I recently learned about a book published last year by literary critic Annette Kolodny called In Search of First Contact, which explores many of the issues recently brought up by America Unearthed and other efforts to propose white pre-Columbian visitors to America. Kolodny traces the Anglo-American interest in white Viking discoverers of America as a manifestation of racial pride and racial panic between 1837 and today. Or, at least I think that’s the point. The book also wants to explore on literary and oral history grounds a new theory of Viking colonization stretching as far south as New England. I’ll let Duke University Press describe the book in typically overblown marketing language:
In Search of First Contact is a monumental achievement by the influential literary critic Annette Kolodny. In this book, she offers a radically new interpretation of two medieval Icelandic tales, known as the Vinland sagas. She contends that they are the first known European narratives about contact with North America. After carefully explaining the evidence for that conclusion, Kolodny examines what happened after 1837, when English translations of the two sagas became widely available and enormously popular in the United States. She assesses their impact on literature, immigration policy, and concepts of masculinity.
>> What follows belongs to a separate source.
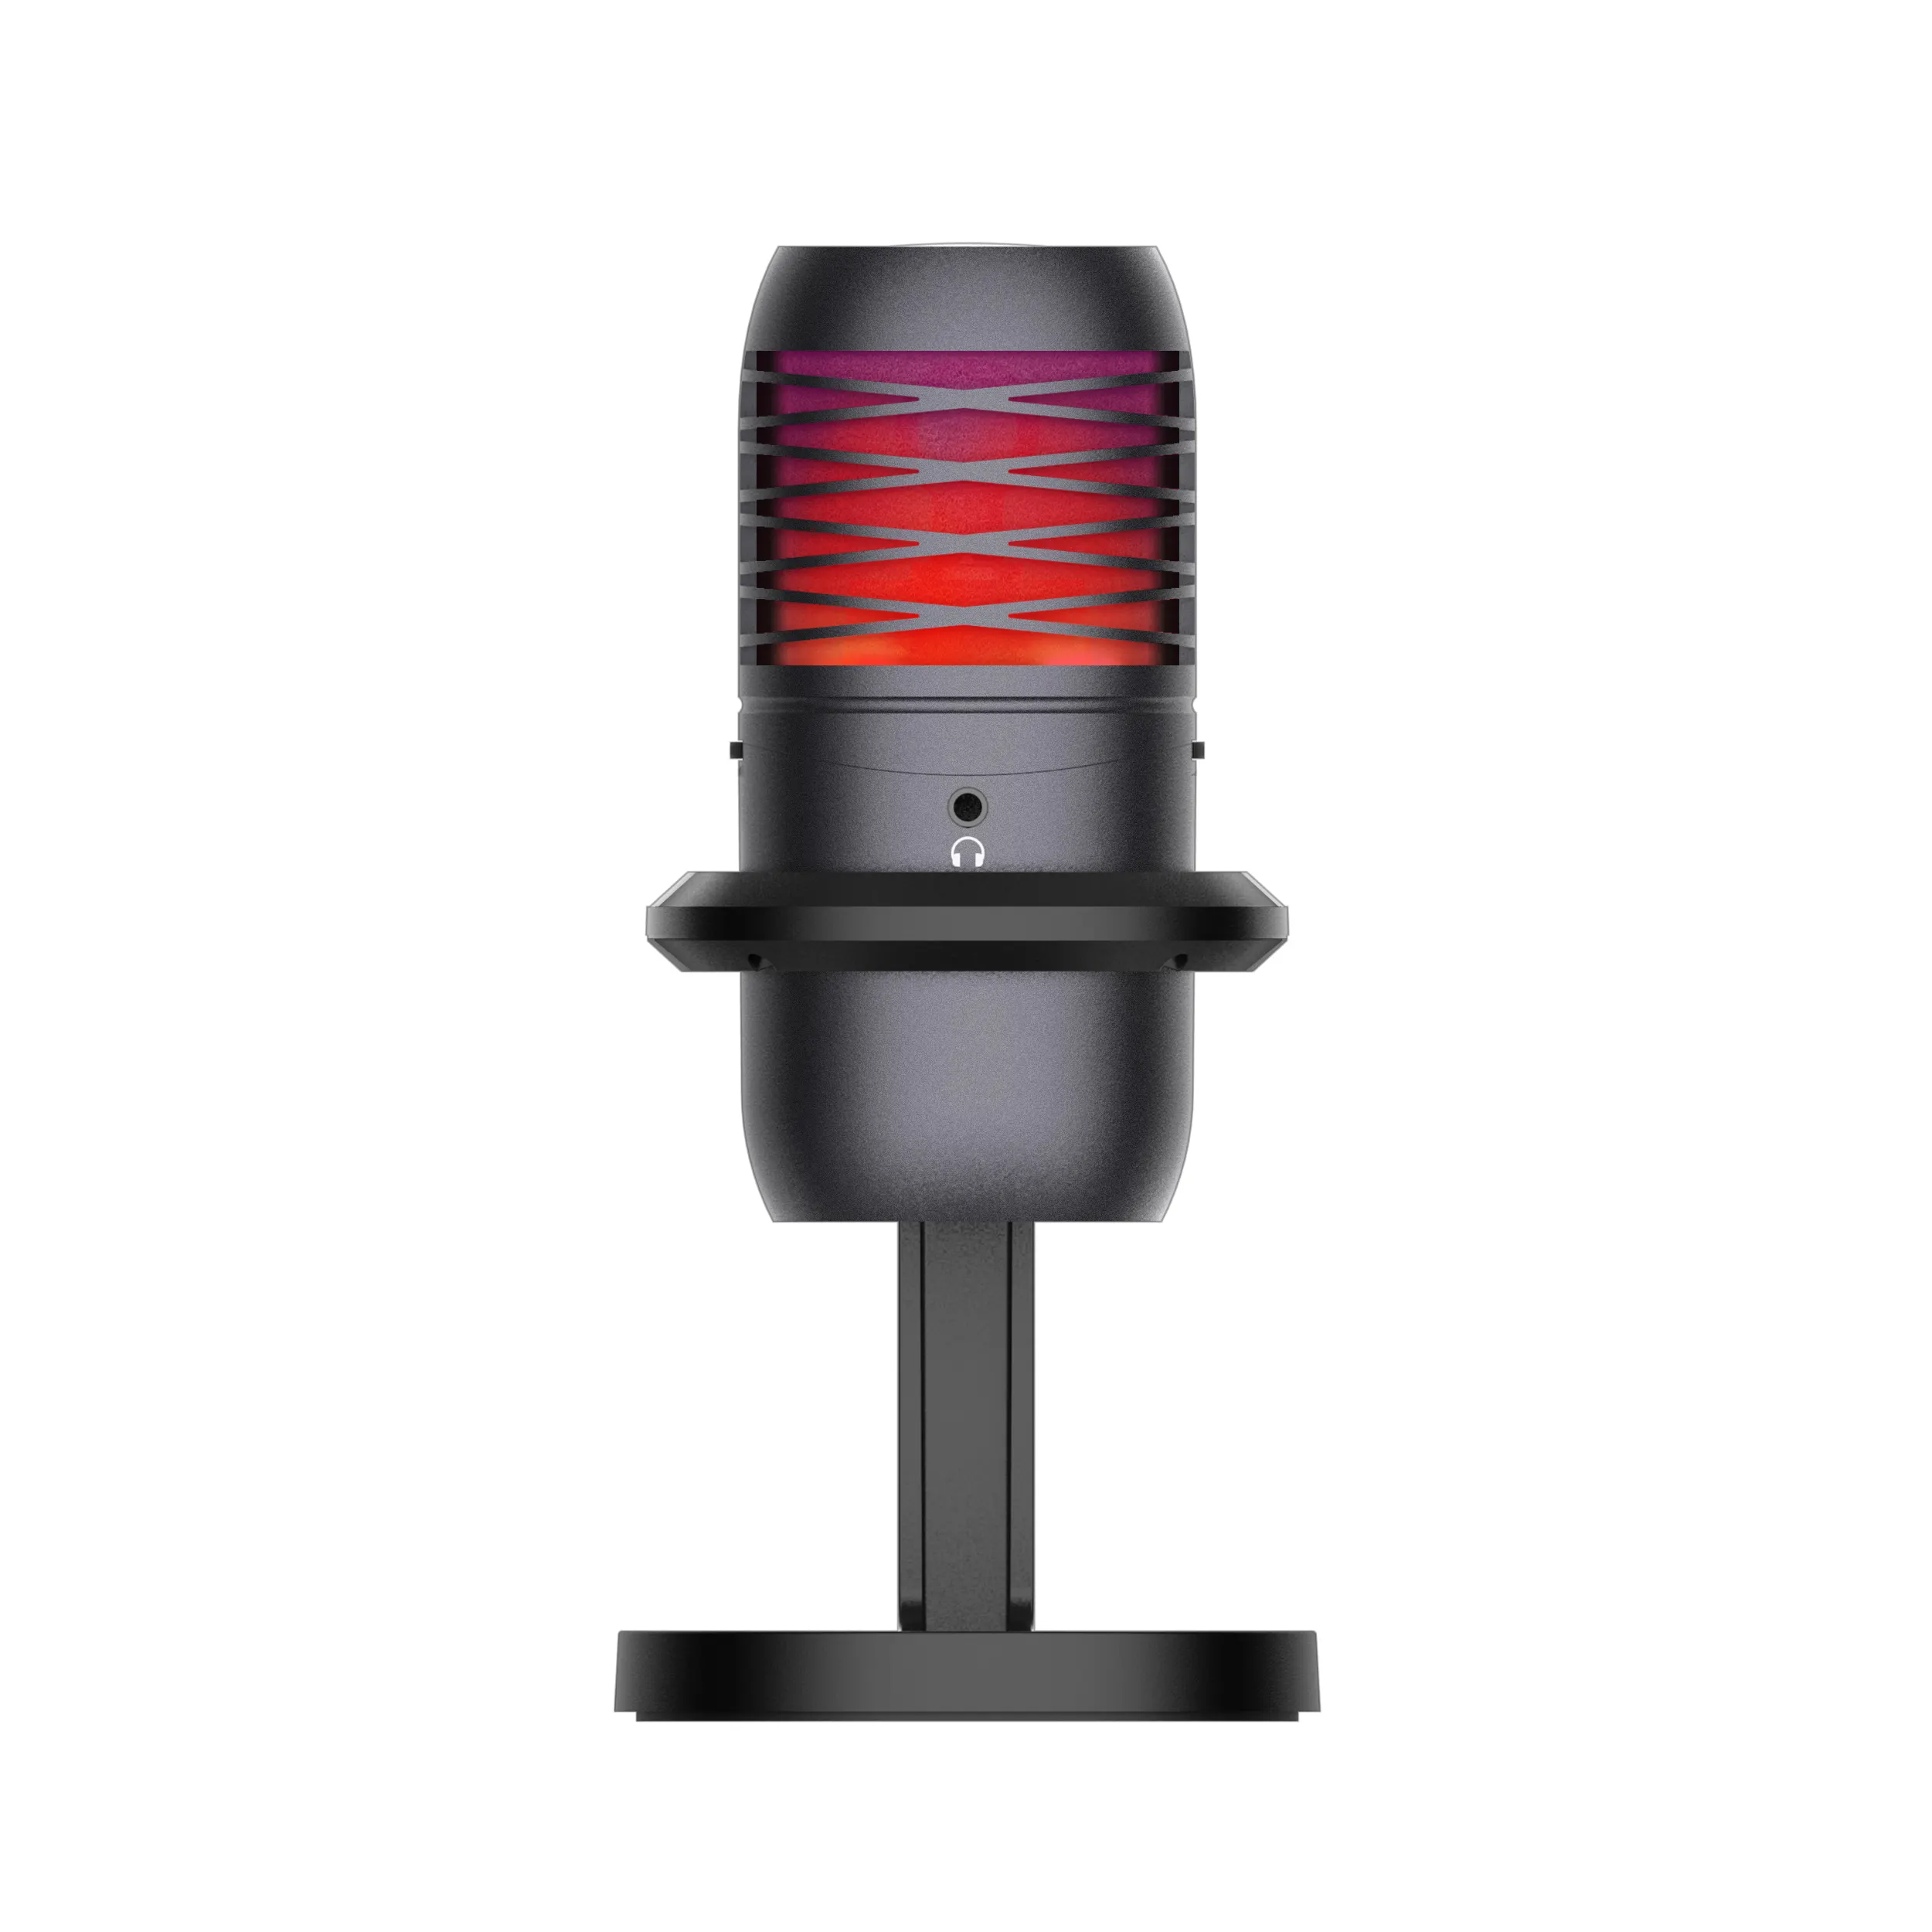 Rhythm Pick up Lights effect microphone 96Khz Noise cancelling Logo projection Conference Streaming podcast Stereo microphone

I in no way want to throw cold water on this, but the Vinland sagas have been recognized as the oldest European narratives of contact with North America since Carl Christian Rafn first published his analysis in 1837—as the date in the above paragraph makes plain, and Kolodny’s book discusses. The marketing team is perhaps a bit too aggressive in making her book into something it’s not, though Kolodny herself presents as revelation several facts about the Vinland sagas that were well-known not just to Rafn but to Sir Daniel Wilson, who wrote a very similar study to Kolodny’s in his 1892 book The Lost Atlantis—right down to the racial pride angle and the identification of the “Skraelings” of Norse saga with the Micmac (Mi’kmaq) of Nova Scotia on account of their boats!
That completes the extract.